Le « Landscape model » de van den Broek et al. (1996, 1998)

Le modèle proposé par van den Broek et al., dans la continuité des travaux présentés supra, cherche à rendre compte tout à la fois des processus « on-line » et des processus « off-line ». Il se situe donc dans une approche de la dynamique de la compréhension. Le Landscape model part du principe que l'activation des concepts fluctue en cours de lecture ; les ressources attentionnelles du sujet étant limitées, comme il a été établi dans des modèles antérieurs, le lecteur, en cours de lecture, procède de manière linéaire ; il doit cependant garder certains concepts activés -les uns très temporairement, les autres beaucoup plus longuement voire de manière permanente- afin de maintenir la cohérence du texte lu. Le Landscape model rend compte de cette fluctuation des activations, reprenant un système de règles de « quotation» établi par van den Broek, Risden, Fletcher et Thurlow (1996). Ce système attribue une valeur d'activation sur une échelle de 0 à 5 (5 étant la valeur maximale d'activation). Tous les concepts d'un texte, mais aussi les inférences produites par le lecteur, se voient attribuer une valeur d'activation. Il est alors possible d'établir une « matrice d'activation » du texte qui permet de (i) définir les concepts demeurant le plus longtemps activés ; (ii) mesurer la force d'activation de chaque concept ; (iii) prédire les inférences nécessaires à la compréhension du texte. Le Landscape model définit quatre sources d'activation pouvant intervenir à chaque cycle de traitement : (i) le segment du texte en cours de traitement ; (ii) le contenu du cycle de lecture précédent ; (iii) des concepts appartenant à des cycles antérieurs et pouvant être réactivés ; (iv) des connaissances antérieures à la lecture.

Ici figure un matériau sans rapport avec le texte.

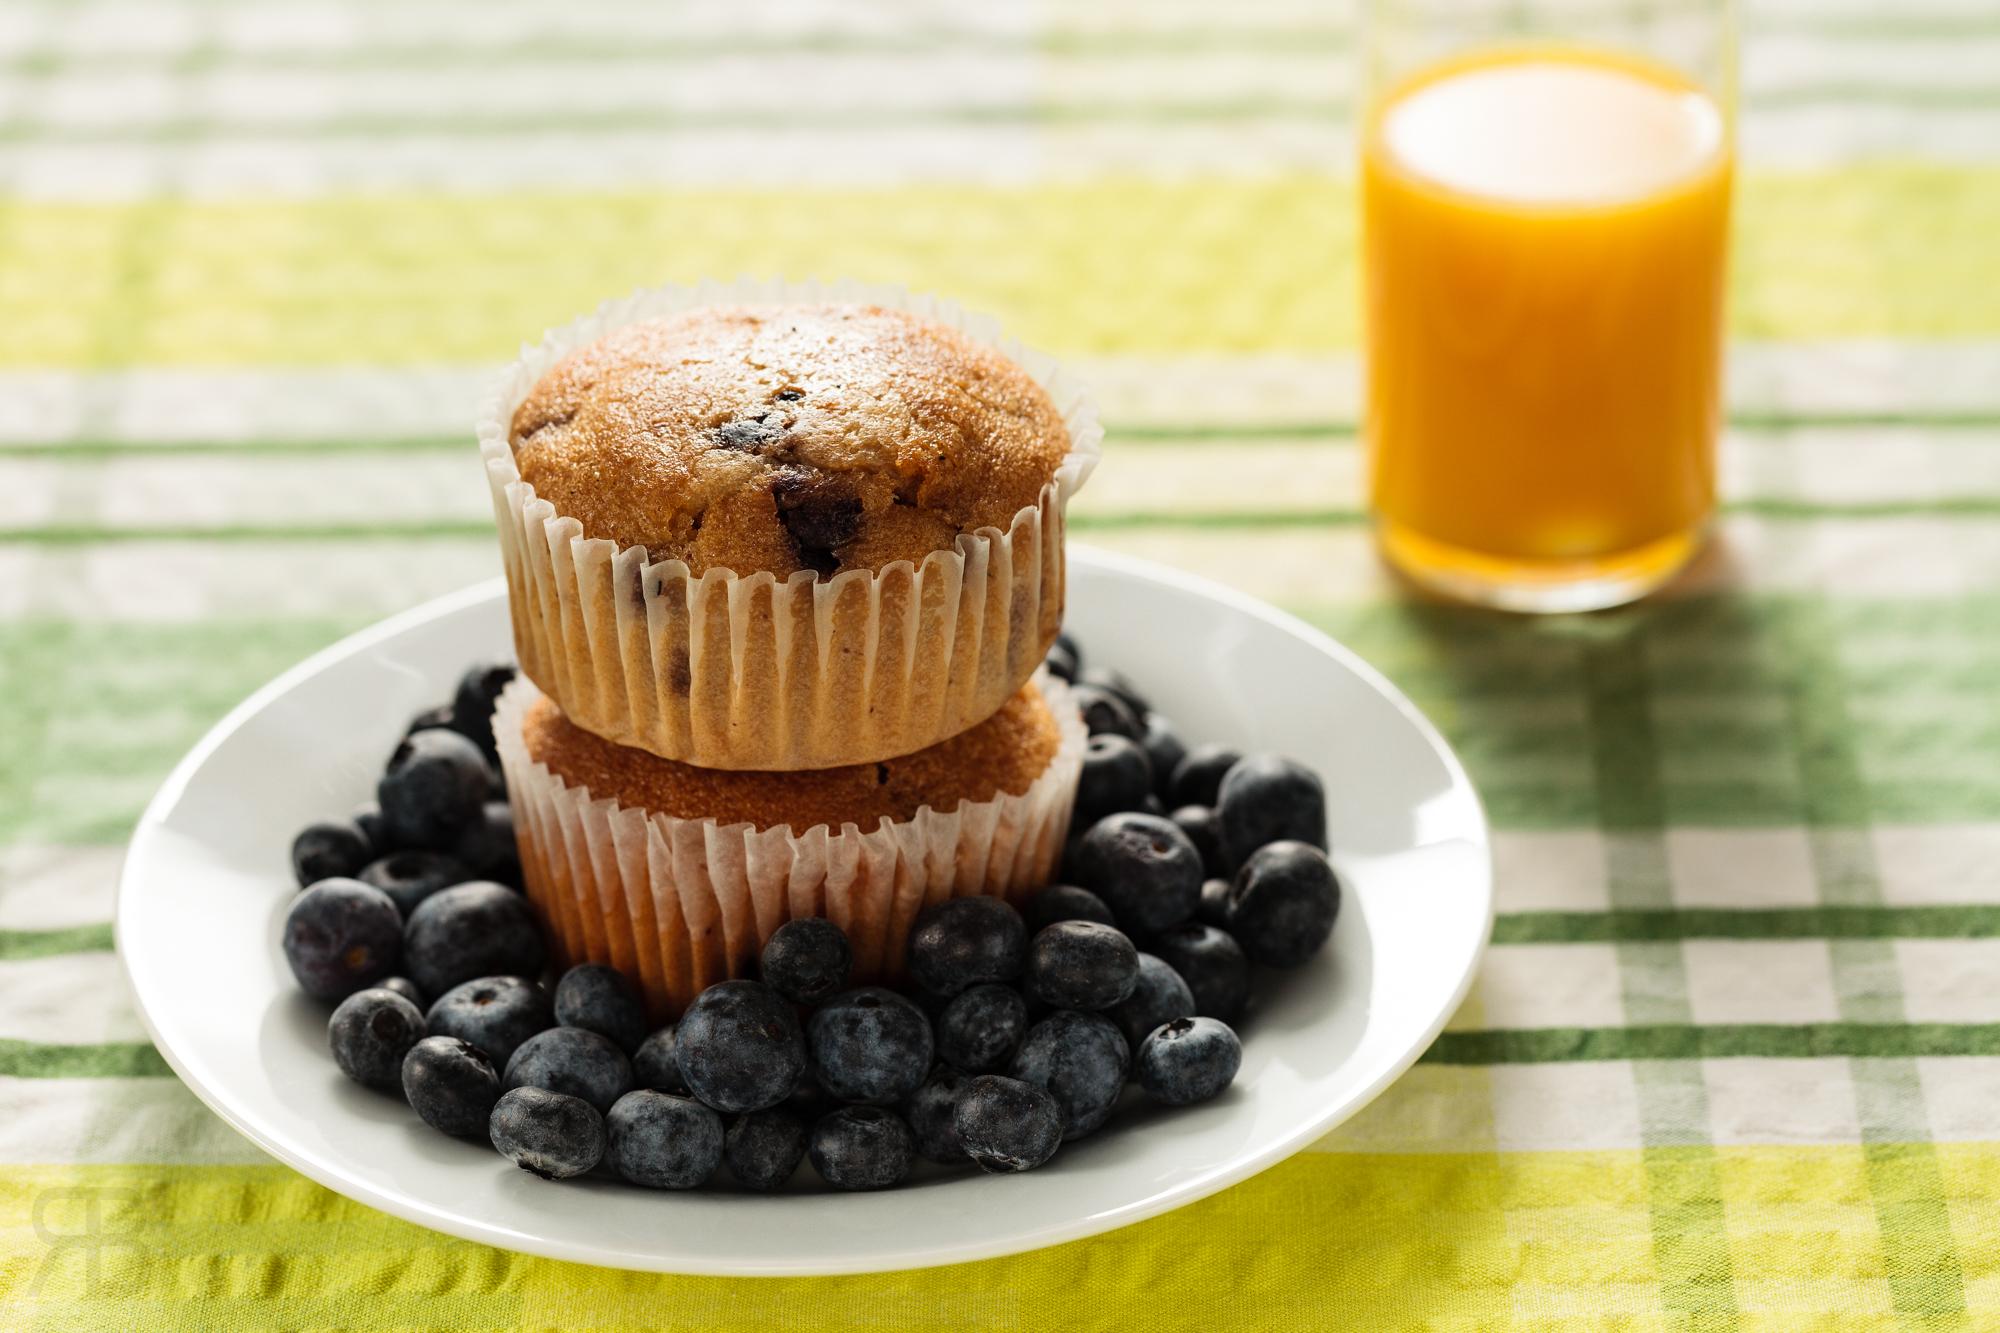 040119_BlueBerry_Muffins_31010031-E_WebWM.jpg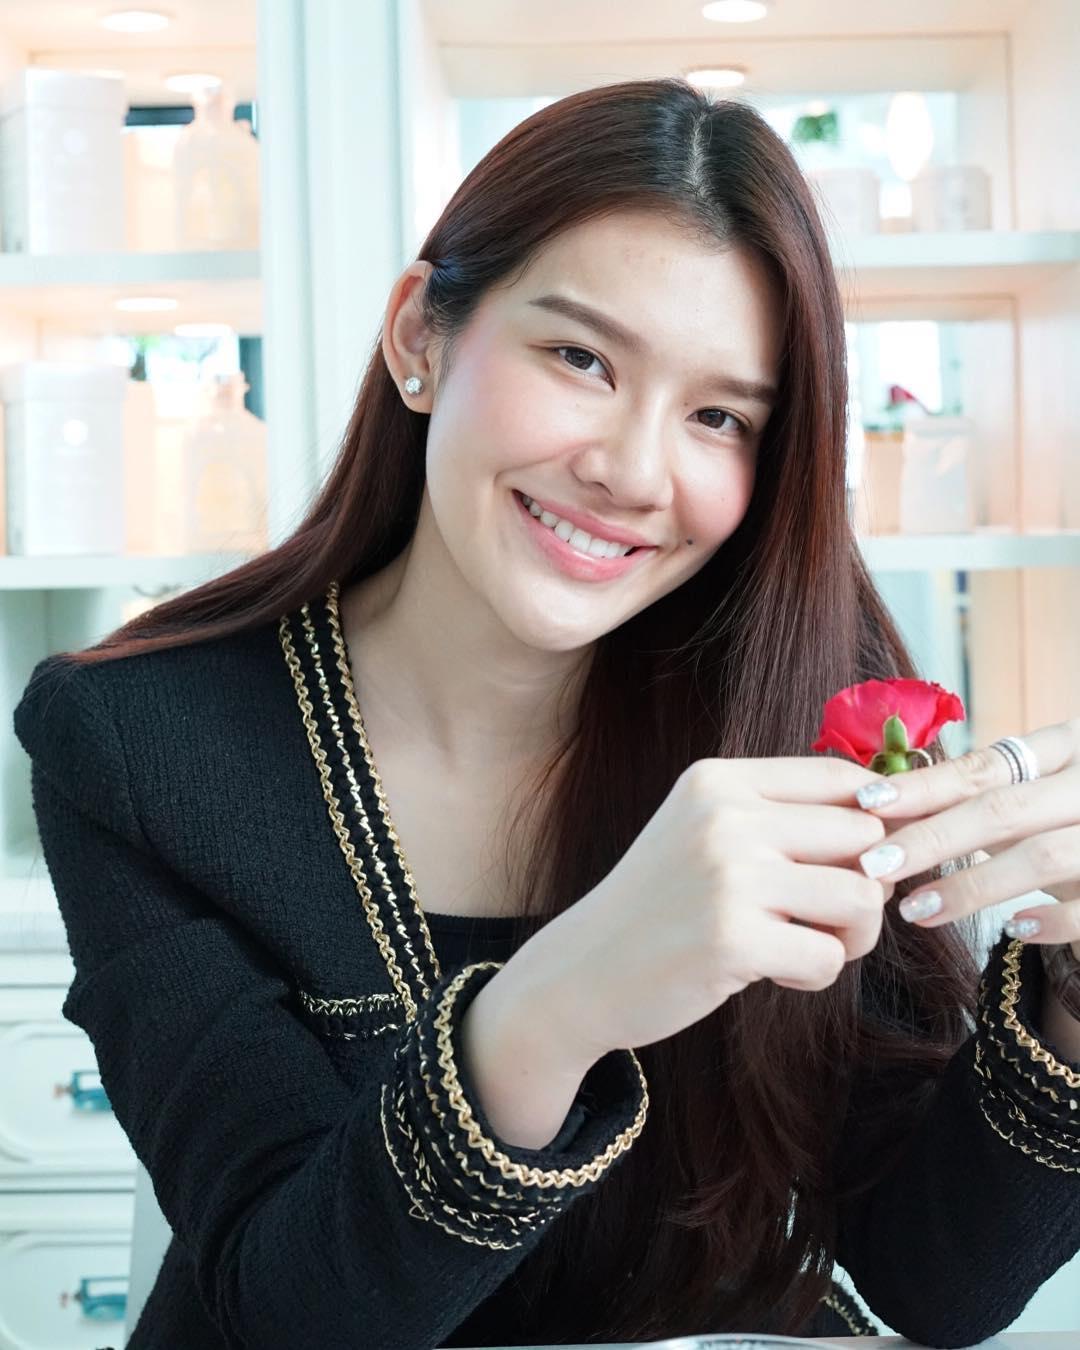 ส่องความสวย จุ๊บจิ๊บ ธนพร นางสาวไทยปี 59 คู่หมั้น ร.อ. ธรรมนัส พรหมเผ่า

À chaque cycle de lecture, de nouveaux concepts sont activés, certains autres sont maintenus et d'autres encore sont inhibés. Par nature, cette structure n'est pas statique : elle

se transforme tout au long du traitement des énoncés successifs dans un jeu constant d'activation-inhibition des concepts. Il en résulte un paysage composé de pics (concepts les plus actifs et les plus fortement reliés entre eux) et de vallées (concepts peu actifs et peu reliés au reste du texte). Le Landscape model permet ainsi de dépeindre un paysage de la représentation mentale du texte en constante évolution.